Area-selective atomic layer deposition (AS-ALD) is a beneficial procedure that facilitates self-alignment for transistor stacking by concentrating oxide growth on targeted areas of a substrate. However, AS-ALD is difficult to incorporate into semiconductor manufacturing industries due to difficulties such as minimal process data and a lack of insight into reactor design. To enable the industrial scale-up of AS-ALD, in silico modeling is necessary to characterize the process. Thus, this work proposes a multiscale computational fluid dynamics modeling framework that simultaneously describes the surface chemistry and ambient fluid behavior for an Al2O3/SiO2 substrate. The multiscale model first involves ab initio molecular dynamics simulations to optimize molecular structures involved in the AS-ALD reactions.
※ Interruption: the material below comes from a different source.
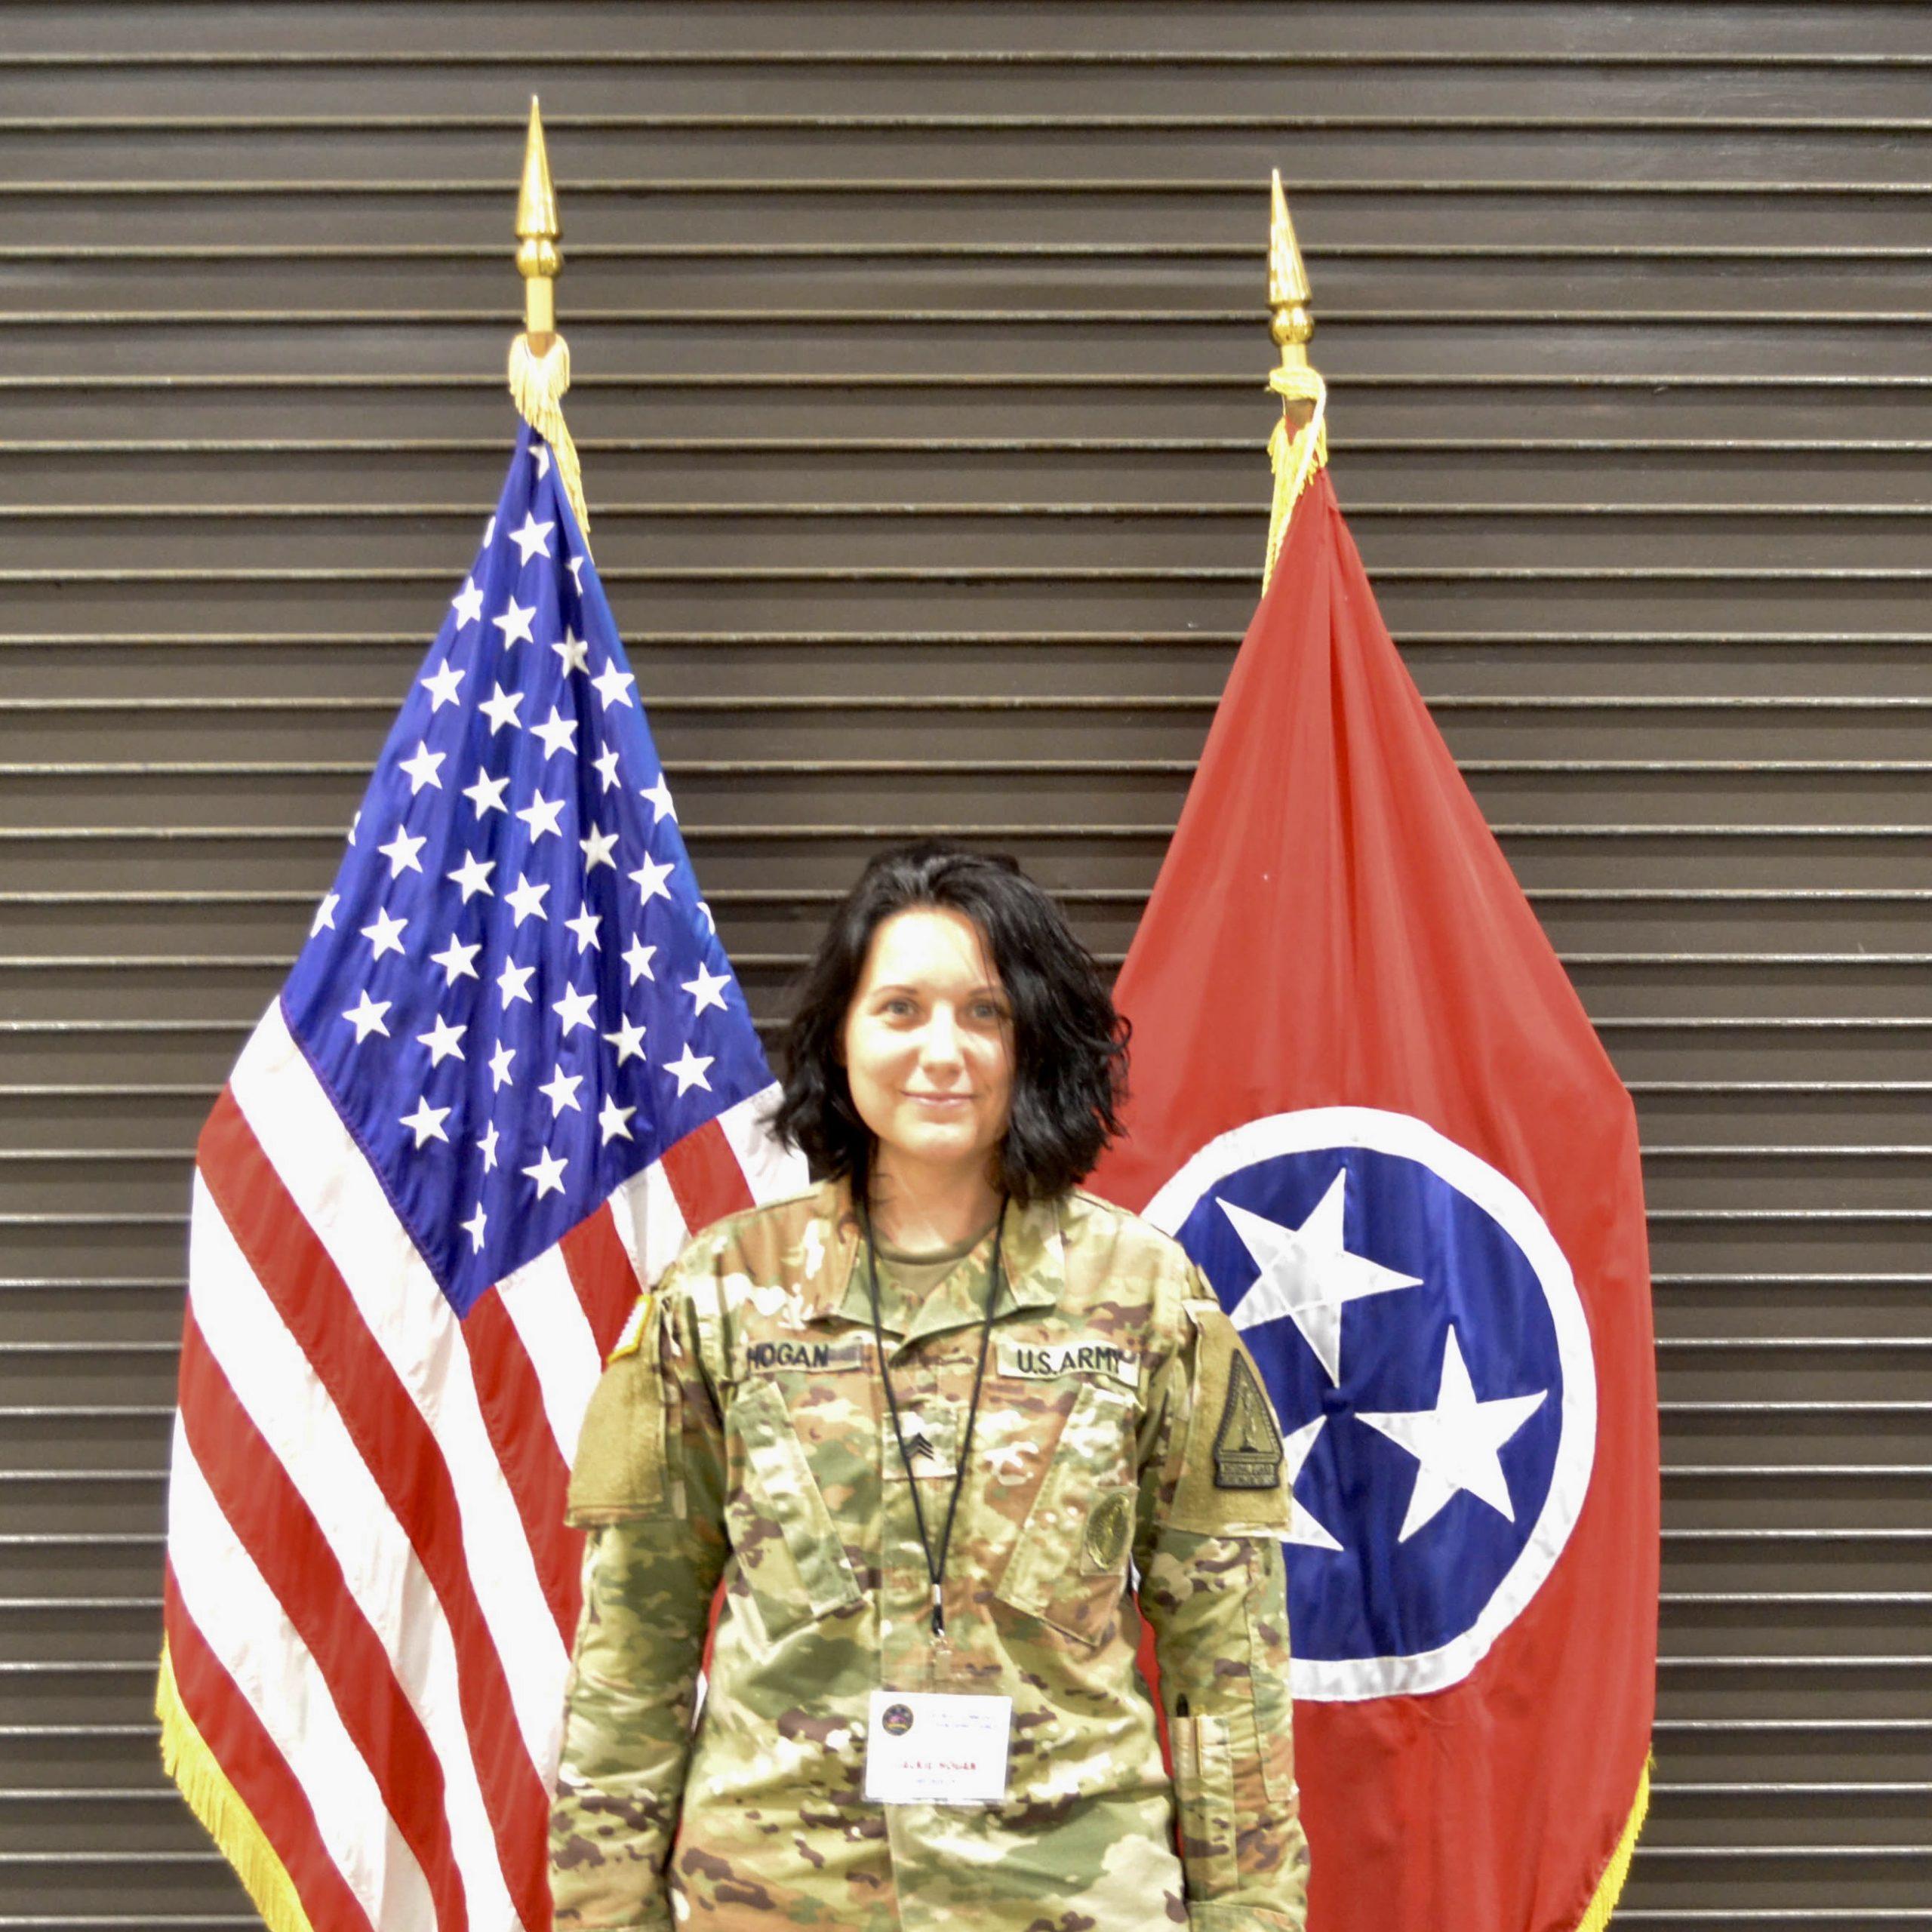 Sgt. Jacqualin Hogan
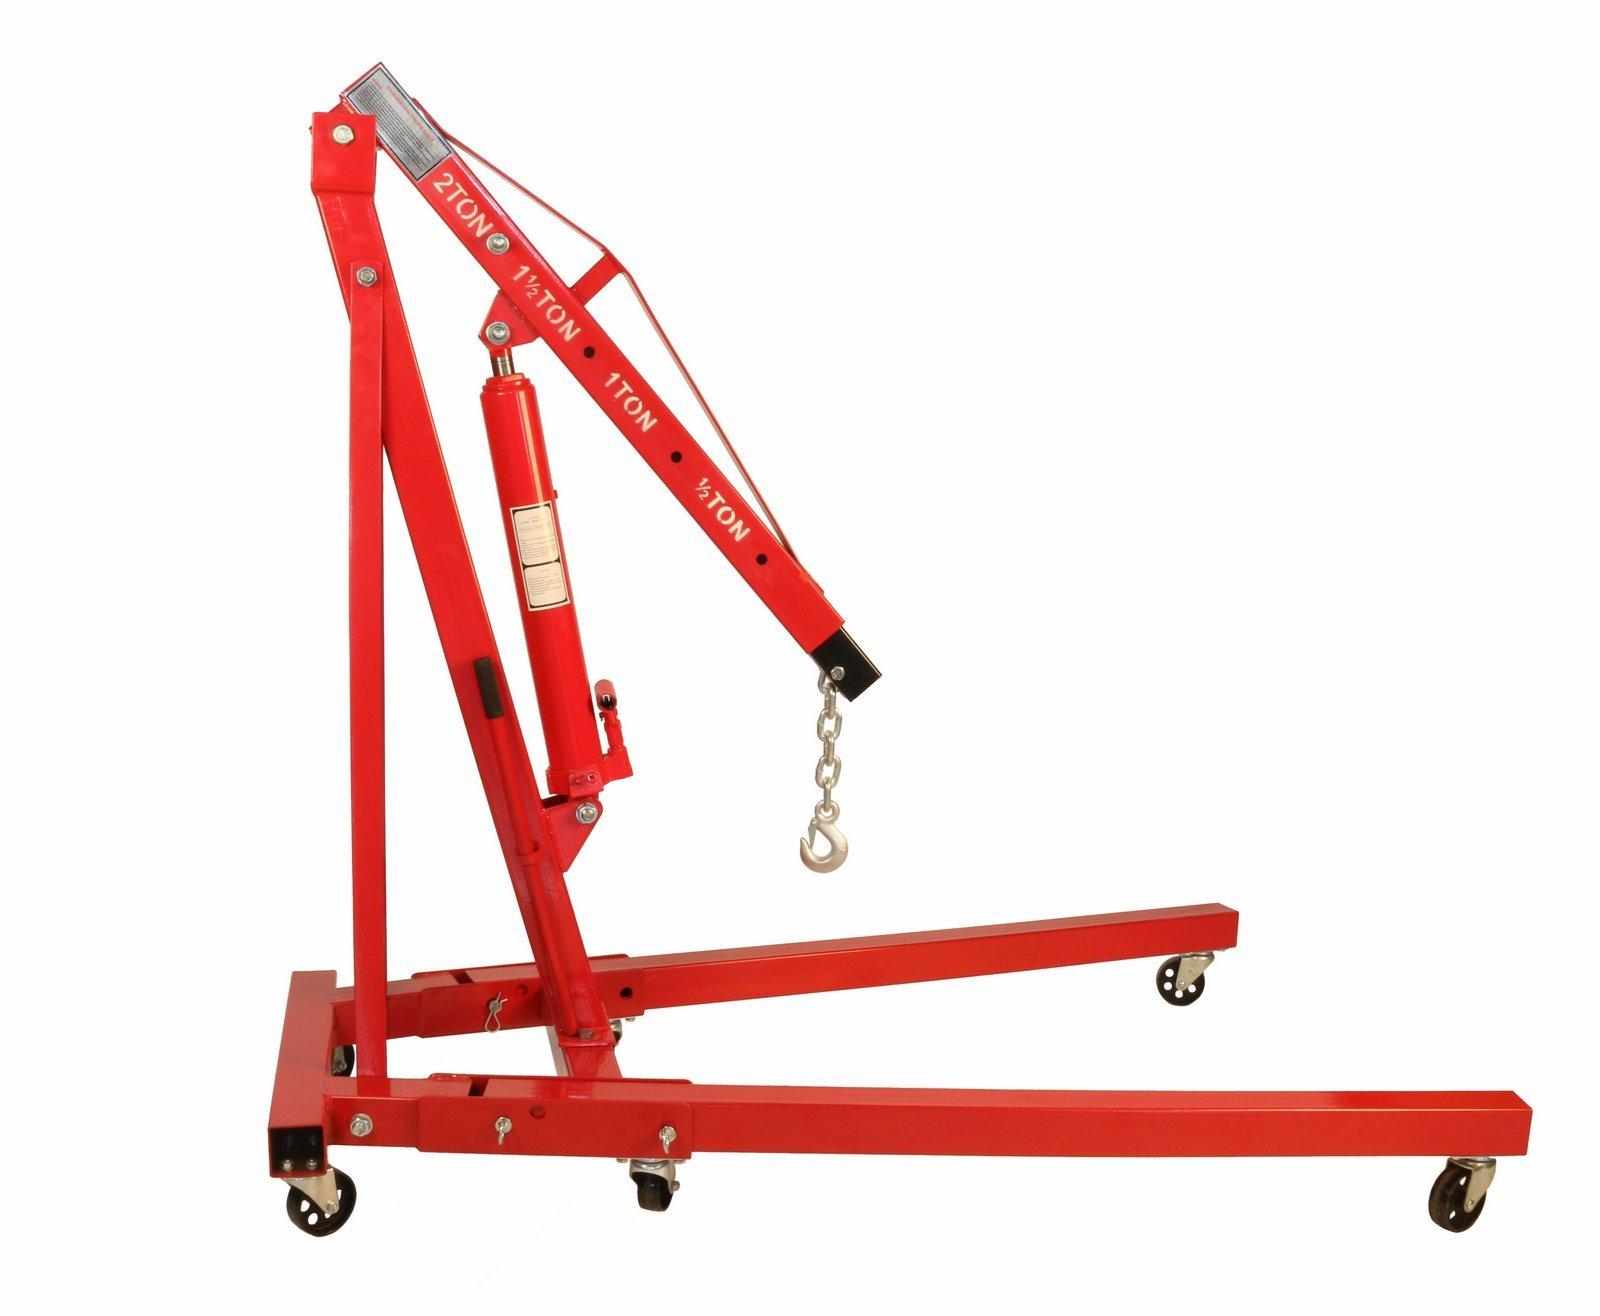 Dragway Tools 2 Ton Folding Hydraulic Engine Hoist Cherry Picker Shop Crane Hoist Lift by Dragway Tools (Image #6)

Next, a kinetic Monte Carlo simulation is performed to describe the stochastic surface chemistry behavior to determine the surface coverage, and deposition and byproduct rates. Lastly, computational fluid dynamics is performed to study the spatiotemporal behavior of the flow. The surface and flow field simulations are carried out in an integrated fashion. Various AS-ALD discrete feed reactor configurations with differing injection plate geometries were developed to investigate their impact on the processing time to achieve full surface coverage and film uniformity. Results indicate that the multi-inlet reactor model achieves minimal processing time while producing a high-quality film with the AS-ALD process.